11. An inexperienced schedule predicting method, comprising:

providing a predetermined term being longer than the presentation unit of generating the event and being from a beginning of the event to an occurrence of a next event as an event cycle unit;

generating a schedule so that an event is generated once in the event cycle unit;

cording an event occurrence an individual reaction to the event respectively in a plurality of relating events and collecting in time series;

comparing reaction process pattern of another person extracted based on the final reaction result with an individual reaction process pattern; and

providing a schedule of the other having a similar reaction process pattern as a future schedule of the individual,

in order to use the schedule, of a set of one or more contents, in which a specific event repeatedly occur at a predetermined timing.

12. An inexperienced schedule predicting method according to claim 11, wherein

a degree of the similarity is determined by a value of an inner product of the extracted reaction process pattern of the other and the reaction process pattern of the individual.

13. A learning schedule assessment displaying method for a learner's assessment displaying system in which a learner's terminal and a server for displaying a learning achievement in a website are connected via a network, the method comprising:

providing a predetermined term equal to or longer than the presentation unit which is a shortest period for generating the event and shorter than the interval from a beginning of the event till an occurrence of a next event as an event cycle unit;

using a learning schedule arranging a content so that a particular event relating each content is generated once in the event cycle unit;

assessing the learning achievement relating the content in time series; and

displaying data relating the learning achievement, a learning content and a link of relating site corresponding to the learning achievement on the learner's terminal when the assessment of the learning achievement reaches a predetermined level,

in order to generate a schedule, of a set of one or more contents, in which events relating to all contents repeatedly occur at a predetermined timing.
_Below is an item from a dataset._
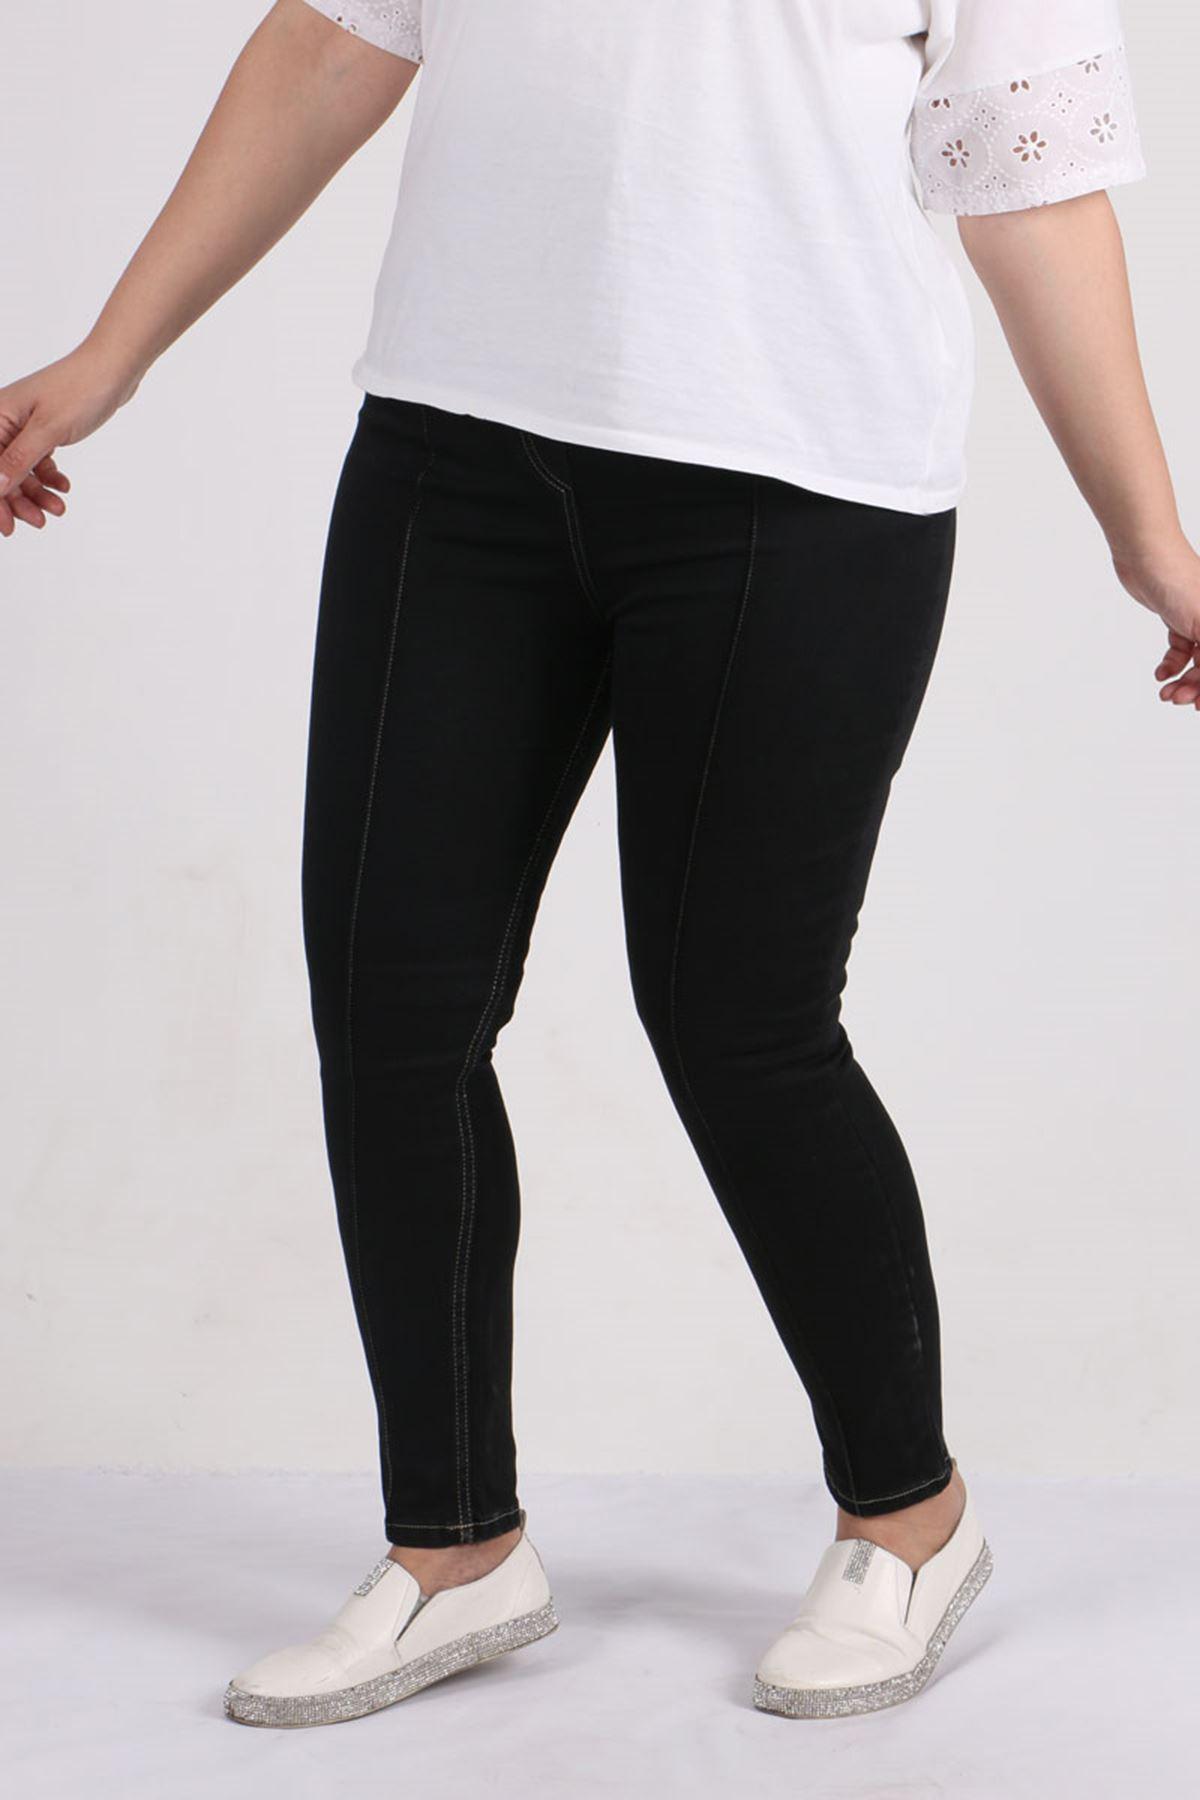 9127 Plus Size Skinny Leg Jeans- Black

14. A learning schedule assessment displaying method of a learner's assessment displaying system in which a learner's terminal and a server for displaying a learning achievement a website are connected via a network, the method comprising:

means for registering a searching word used by a learner, with a classification according to learning ability levels of the learners;

means for registering a site to which the learner visited in correspondence with the site to the registered searching word; and

means for counting up a number of times for visiting a site when search is performed with a searching word same as the registered searching word and a cite same as the registered site is visited, wherein

a search result is displayed in an order of larger number of visiting times on the learner's terminal.